## Exercise prompt
Would you please copy every line below that includes the string "Park"?

## Stored items from a collection
§ §

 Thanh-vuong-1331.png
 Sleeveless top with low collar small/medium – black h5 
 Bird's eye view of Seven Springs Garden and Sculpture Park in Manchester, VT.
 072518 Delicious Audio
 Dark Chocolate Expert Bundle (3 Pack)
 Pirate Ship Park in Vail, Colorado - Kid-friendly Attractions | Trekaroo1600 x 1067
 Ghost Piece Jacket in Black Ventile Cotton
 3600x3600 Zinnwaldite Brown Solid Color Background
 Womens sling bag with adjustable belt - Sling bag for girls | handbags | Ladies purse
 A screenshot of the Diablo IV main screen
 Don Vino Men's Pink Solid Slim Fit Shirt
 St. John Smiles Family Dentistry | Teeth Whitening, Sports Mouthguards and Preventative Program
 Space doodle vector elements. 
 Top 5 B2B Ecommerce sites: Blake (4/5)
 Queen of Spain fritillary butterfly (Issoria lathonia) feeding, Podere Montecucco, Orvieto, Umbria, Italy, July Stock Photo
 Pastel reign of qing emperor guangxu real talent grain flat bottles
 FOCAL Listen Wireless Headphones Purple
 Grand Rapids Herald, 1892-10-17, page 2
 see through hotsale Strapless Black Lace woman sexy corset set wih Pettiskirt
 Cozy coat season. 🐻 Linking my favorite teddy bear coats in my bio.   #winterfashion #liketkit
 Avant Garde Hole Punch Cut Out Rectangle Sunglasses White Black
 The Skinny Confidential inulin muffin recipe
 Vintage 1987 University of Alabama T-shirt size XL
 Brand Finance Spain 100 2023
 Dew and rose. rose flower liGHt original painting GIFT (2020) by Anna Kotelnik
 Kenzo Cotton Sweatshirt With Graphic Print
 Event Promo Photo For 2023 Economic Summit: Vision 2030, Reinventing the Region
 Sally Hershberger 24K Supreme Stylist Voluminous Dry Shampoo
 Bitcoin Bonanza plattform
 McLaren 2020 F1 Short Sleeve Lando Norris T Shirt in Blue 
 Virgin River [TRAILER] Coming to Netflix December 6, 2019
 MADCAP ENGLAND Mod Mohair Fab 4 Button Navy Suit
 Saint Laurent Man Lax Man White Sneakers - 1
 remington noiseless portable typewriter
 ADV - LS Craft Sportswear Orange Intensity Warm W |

§ §

## Solution
 Bird's eye view of Seven Springs Garden and Sculpture Park in Manchester, VT.
 Pirate Ship Park in Vail, Colorado - Kid-friendly Attractions | Trekaroo1600 x 1067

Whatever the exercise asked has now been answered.